2. Will shortening the ATX plug's cables do much good to my rails (+5V is at 4.6-4.9V, and the 3.3 is at ~3.5V)
3. My sys consists of DVD,CD-RW,3x7200 HDDs, 3.5" floppy. I'm curious about my +12V rail. I'll be going fully watercooled shortly, and assuming I'll have 6x120mm fans (0.5A each) and 2x80mm (0,15A each) plus a neon or two, so that'll be like ~3,5A more for the +12V, will my psu be able to take that (it did with 2x120, 2x80) or will it just FRY?
4. What is the aproximate power consumption on +12V for 7200rpm, dvds, cd-rs
5. What the +5
In general, is it worth to make that 600W PSU (assuming the trick is possible with all the rails) just for having a power reserve. What are the real advantageous (apart from the obvious)...
 
hi witchhunter, welcome to the forums!

Unfortunately, it's not possible to combine power supplies like that- the power ratings do not 'add'. But, you can do something almost as good- join them to start simultaneously! You can hook your motherboard up to one of them and all your fans/drives/etc up to the other one. Net result is almos the same thing as having one real 600watter!

check out

this thread for info on how to do it.:D
 
I thank you for the thread as well as I have cut an opening for the psu and need to install it somehow. You have provided the answer.
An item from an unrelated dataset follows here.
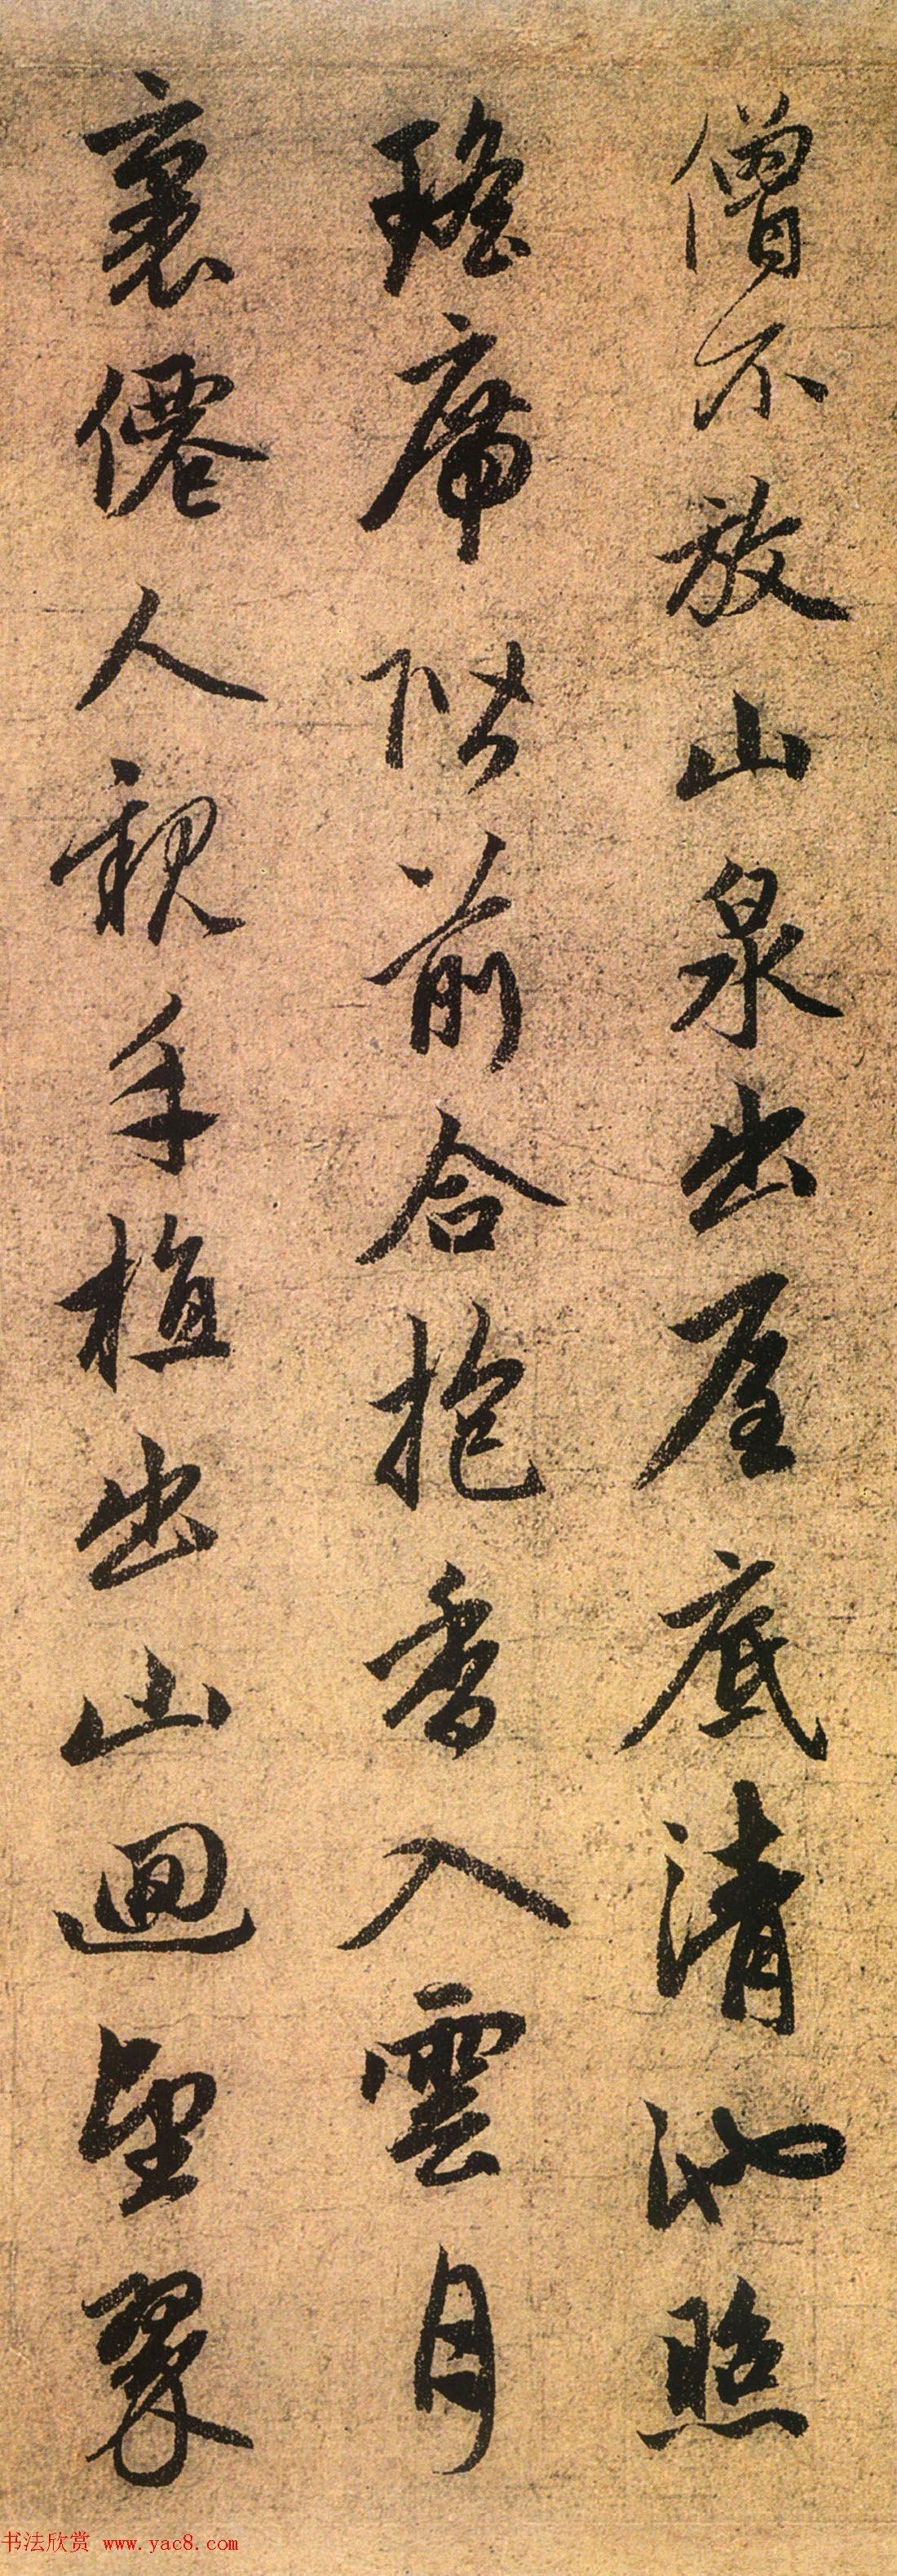 趙孟頫书法真迹赏析《道场诗帖》两种

Thank You.:)
 
Nice to be here, thanks.

Still, yes I know how to make them start simultaneously, but on the other hand, there'sthis article about joining PSU. I also know, that you can join single rails, let's say +5V from on and +5V from the other. And serially you'll get 10V 30A, parallerly (spel?) it'll be +5V 60A. And what I as thinking was to join all the rails from the psu, and with this I had doubts whether it'd work. So, why not?
 
Welcome to the forums.

If you carefully read the Procooling article, you'll note that the method used id for 2 AT PSUs, not ATX. You really don't want to try it with ATX PSUs.